A powder contains benzoic acid mixed with starch. A student finds that a 2.505 g sample of this powder requires 35.3 mL of a 0.107M sodium hydroxide solution for the acid to be neutralized. What is the percent by mass of benzoic acid in the powder?

Answer is: the percent by mass of benzoic acid in the powder is 18.41%.

1) Balanced chemical reaction:

C₆H₅COOH (aq) + NaOH (aq) → C₆H₅COONa (aq) + H₂O (l).

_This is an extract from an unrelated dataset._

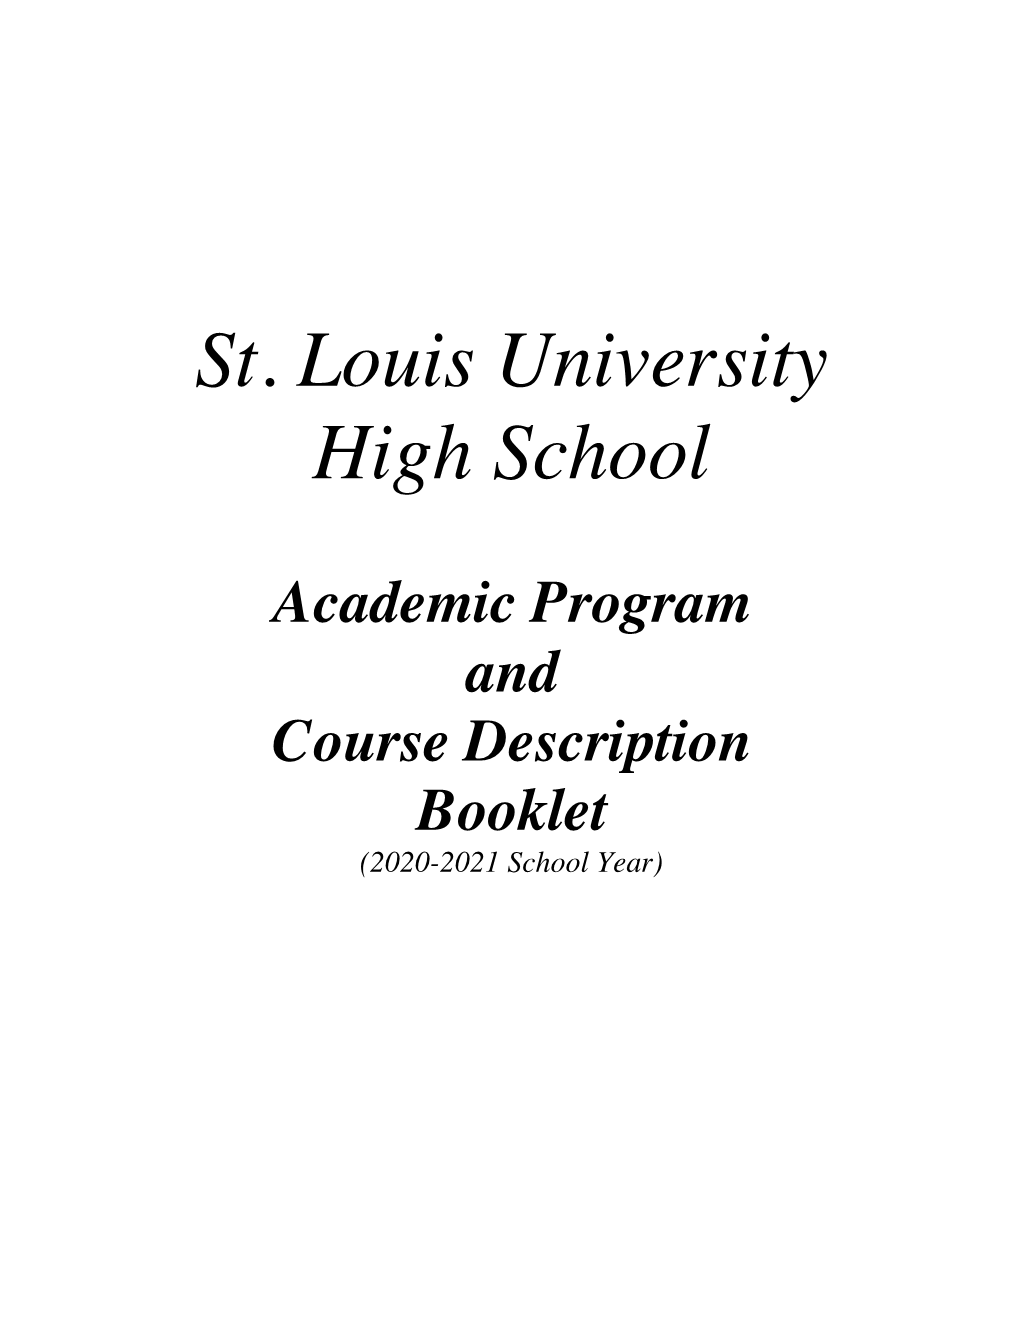 St. Louis University High School
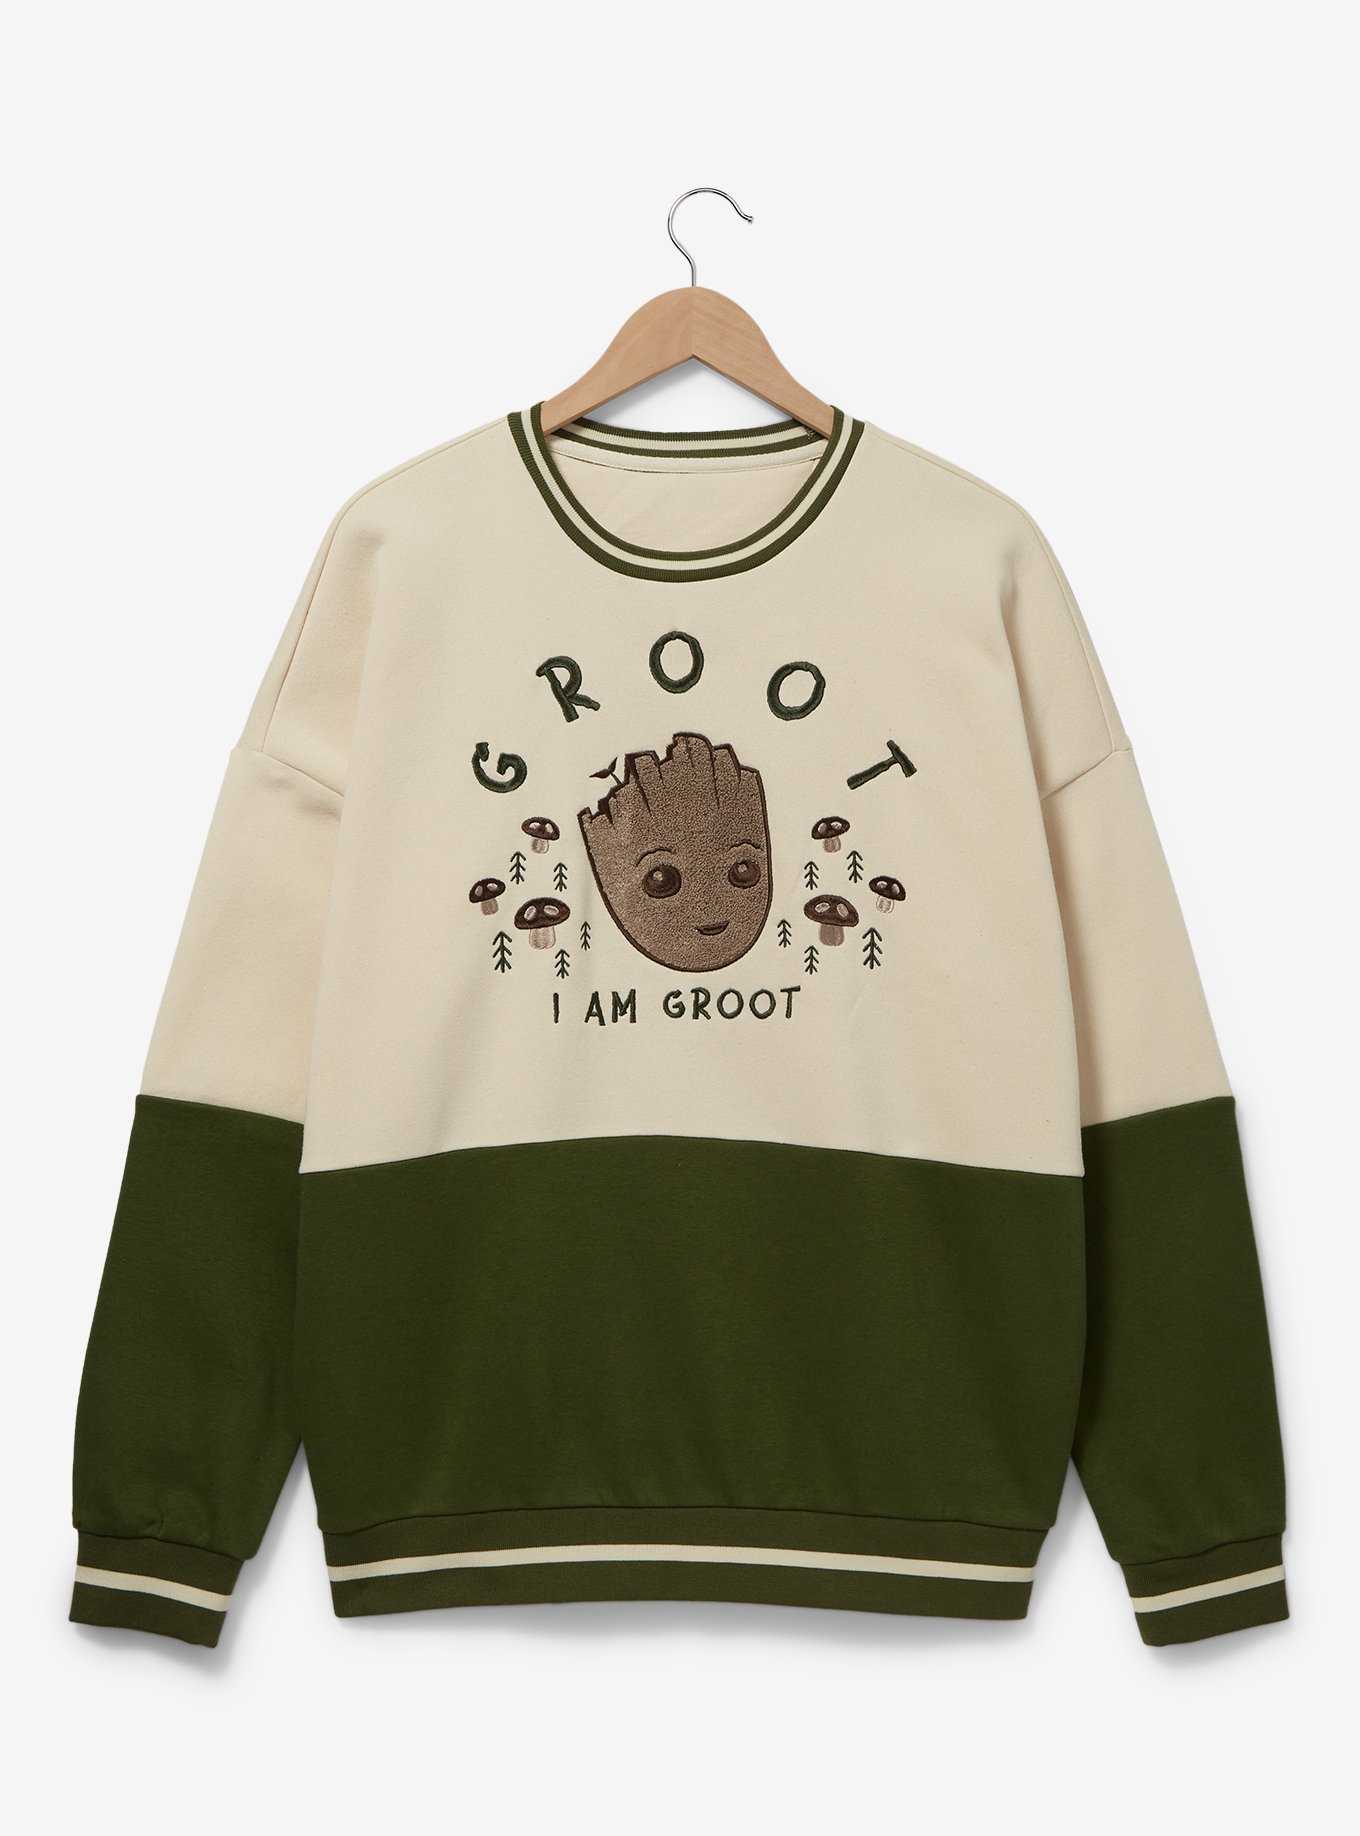 GOTG Gals on the Go Matchbox Beige Hoodie Sweatshirt, Custom prints store

V (NaOH) = 35.3 mL : 1000 mL/L.

V (NaOH) = 0.0353 L; volume of the sodium hydroxide.

c (NaOH) = 0.107 mol/L; molarity of the sodium hydroxide.

n (NaOH) = c (NaOH) · V (NaOH).

n (NaOH) = 0.0353 L · 0.107 mol/L.

n (NaOH) = 0.00378 mol; amount of the sodium hydroxide.

2) From balanced chemical reaction: n (NaOH) : n (C₆H₅COOH).

n (NaOH) = n (C₆H₅COOH).

n (C₆H₅COOH) = 0.0038 mol; amount of the benzoic acid.

M (C₆H₅COOH) = 122.12 g/mol; molar mass of the benzoic acid.

m (C₆H₅COOH) = n (C₆H₅COOH) · M (C₆H₅COOH).

m (C₆H₅COOH) = 0.0038 mol · 122.12 g/mol.

m (C₆H₅COOH) = 0.461 g; mass of the benzoic acid.

m (powder) = 2.505 g; mass of a powder.

ω (C₆H₅COOH) = m (C₆H₅COOH) : m (powder) · 100%.

ω (C₆H₅COOH) = 0.461 g : 2.505 g · 100%.

ω (C₆H₅COOH) = 18.41%; mass percentage of the benzoic acid in a powder.